A feline immunodeficiency virus (FIV) provirus with a vif gene deletion (FIVDelta vifATGgamma) that coexpresses feline gamma interferon (IFN-gamma) was tested as a proviral DNA vaccine to extend previous studies showing efficacy with an FIV-pPPRDelta vif DNA vaccine.
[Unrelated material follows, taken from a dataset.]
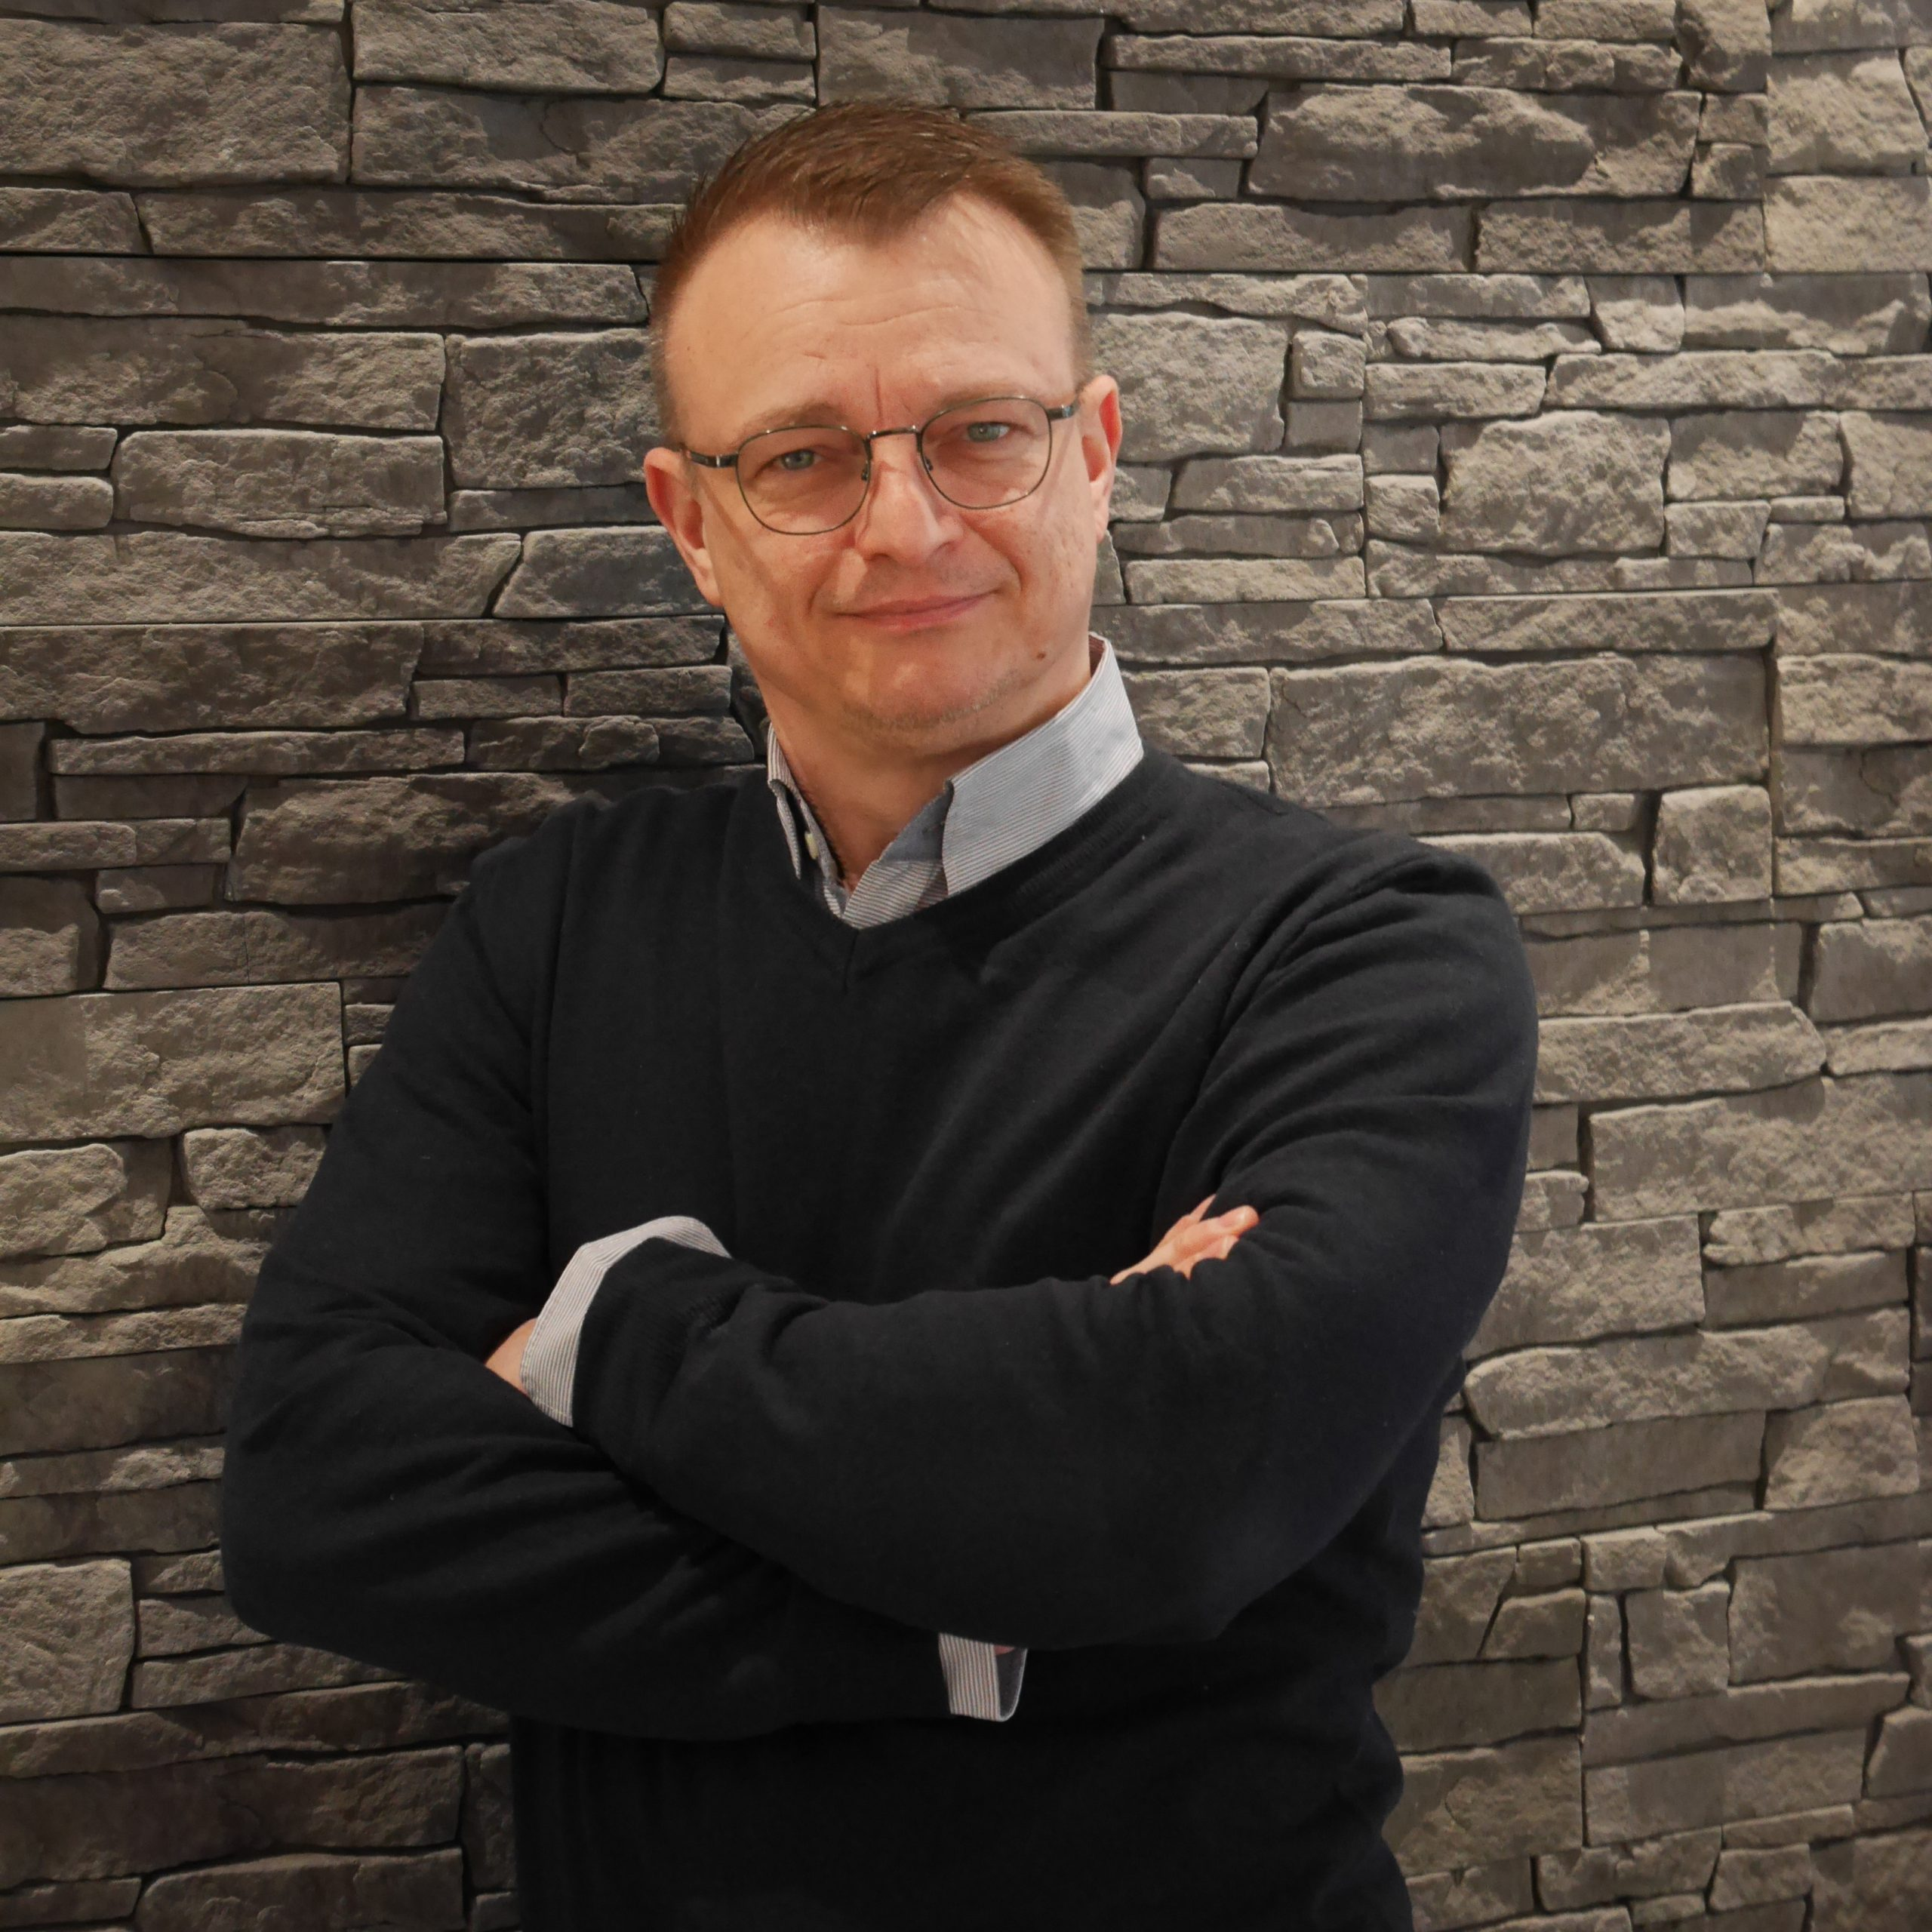 Optik Dopp Marco Wobker Augenoptiker Low Vision Uhrenspezialist

Cats were vaccinated with either FIVDelta vifATGgamma or FIV-pPPRDelta vif proviral plasmid DNA or with both FIV-pPPRDelta vif DNA and a feline IFN-gamma expression plasmid (pCDNA-IFNgamma). A higher frequency of FIV-specific T-cell proliferation responses was observed in cats immunized with either FIVDelta vifATGgamma or FIV-pPPRDelta vif plus pCDNA-IFNgamma, while virus-specific cytotoxic-T-lymphocyte responses were comparable between vaccine groups. Antiviral antibodies were not observed postvaccination. Virus-specific cellular and humoral responses were similar between vaccine groups after challenge with a biological FIV isolate (FIV-PPR) at 13 weeks postimmunization. All vaccinated and unvaccinated cats were infected after FIV-PPR challenge and exhibited similar plasma virus loads. Accordingly, inclusion of plasmids containing IFN-gamma did not enhance the efficacy of FIV-pPPRDelta vif DNA immunization. Interestingly, the lack of protection associated with FIV-pPPRDelta vif DNA immunization contrasted with findings from a previous study and suggested that multiple factors, including timing of FIV-pPPRDelta vif inoculations and challenge, as well as route of challenge virus delivery, may significantly impact vaccine efficacy.

摘要

一种携带vif基因缺失的猫免疫缺陷病毒(FIV)前病毒(FIVDelta vifATGgamma),其共表达猫γ干扰素(IFN-γ),作为一种前病毒DNA疫苗进行了测试,以扩展先前关于FIV-pPPRDelta vif DNA疫苗有效性的研究。给猫接种FIVDelta vifATGgamma或FIV-pPPRDelta vif前病毒质粒DNA,或同时接种FIV-pPPRDelta vif DNA和猫IFN-γ表达质粒(pCDNA-IFNgamma)。在用FIVDelta vifATGgamma或FIV-pPPRDelta vif加pCDNA-IFNgamma免疫的猫中,观察到更高频率的FIV特异性T细胞增殖反应,而疫苗组之间的病毒特异性细胞毒性T淋巴细胞反应相当。接种疫苗后未观察到抗病毒抗体。在免疫后13周用生物FIV分离株(FIV-PPR)攻击后,疫苗组之间的病毒特异性细胞和体液反应相似。所有接种疫苗和未接种疫苗的猫在FIV-PPR攻击后均被感染,且血浆病毒载量相似。因此,包含IFN-γ的质粒并未增强FIV-pPPRDelta vif DNA免疫的效果。有趣的是,FIV-pPPRDelta vif DNA免疫缺乏保护作用,这与先前一项研究的结果形成对比,表明包括FIV-pPPRDelta vif接种和攻击的时间以及攻击病毒的递送途径等多种因素可能会显著影响疫苗效果。